Friday, April 18, 2008

i'm a girl

okay, i'm going to try to tackle these stories in order of comments...except those of you who said all of them ha. sorry it's taken so long to post again. most of you probably know what's been going on with my grandpa and that's been consuming a lot of my time. thankfully, he's been doing a LOT better and hopefully that will continue.


let me start off this story by saying that i really only pulled the "i'm a girl" card a couple times. here are some pictures of me working, just to prove it :)

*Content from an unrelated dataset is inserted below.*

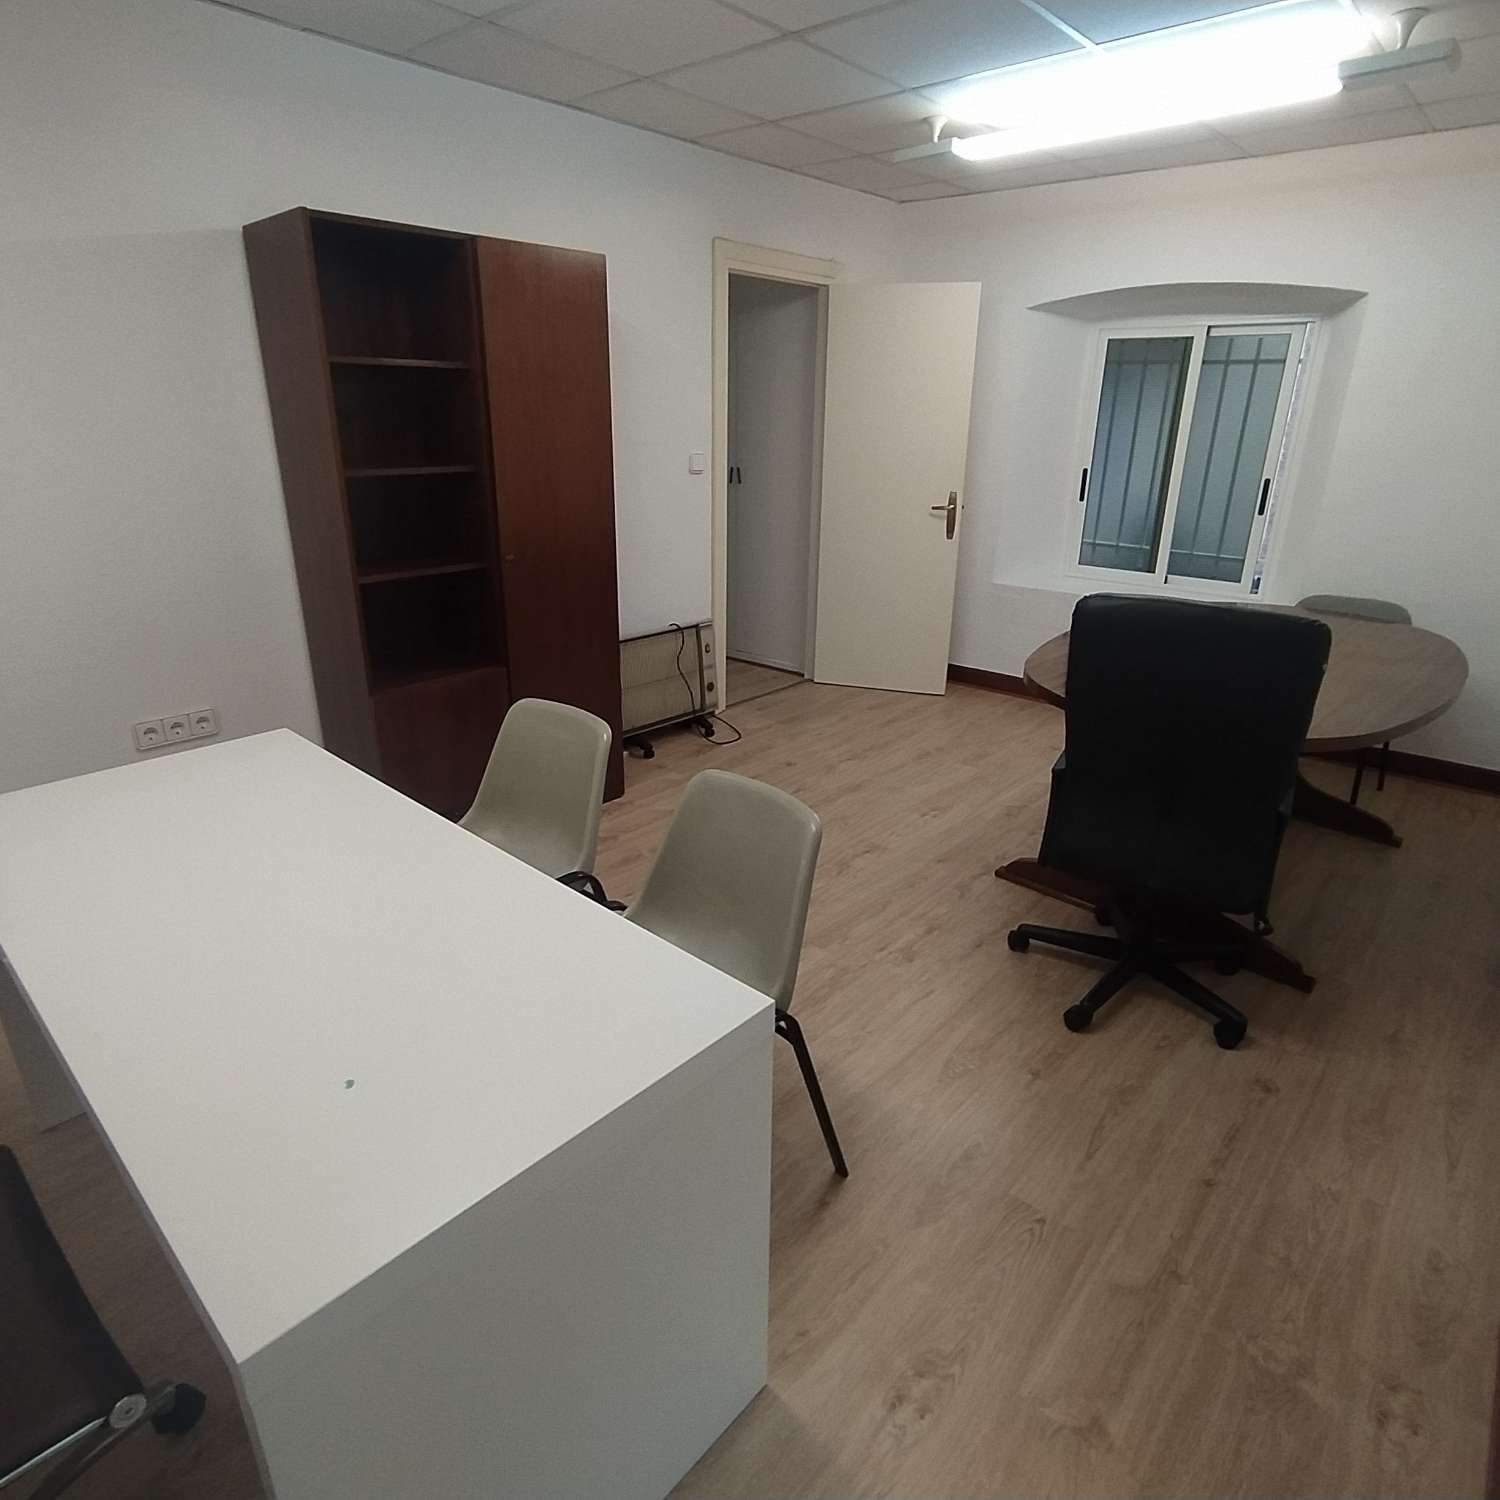 Office for rent in Castro-Urdiales

we helped build 8 trusses!



ignore my face :)

okay, so now that i feel like i've proven myself a little bit i will go into more of a story/explanation.
it was my full intent to capitalize on the fact that i was the only high school girl going on this trip. why not?? :)
so the very first day, we got to the job site and jeff brady was telling people what they could help with and when he got to bailee and i, he suggested that we leave the job site and go work in the kitchen to prepare breakfast. what a brilliant idea! we were getting out of physical work already. we got to the kitchen and really had no way to communicate (nancy was there to help translate a little bit but she was running around doing other things to make breakfast etc.) with the ladies or ask them how we could help, so we pretty much just stood there. then one of the women came up to me (note: she didn't go up to bailee [aka JUMBO]) and asked if i was hungry. i'm never hungry, but said yes because that's obviously the polite thing to do and partially because "si" is usually the go-to answer when you aren't sure what to say in spanish ha. so about two minutes later the woman comes back with a plate full of breakfast for me. she served it to me about 10 or 15 minutes before anyone else...i would assume because i'm small and probably look, to them, like i need to eat :)
what does this have to do with being a girl? well...the guys came a few minutes later, after working for probably about an hour moving bricks and supplies and i had already eaten, having done nothing at all except watch and stand awkwardly. oh what a life :)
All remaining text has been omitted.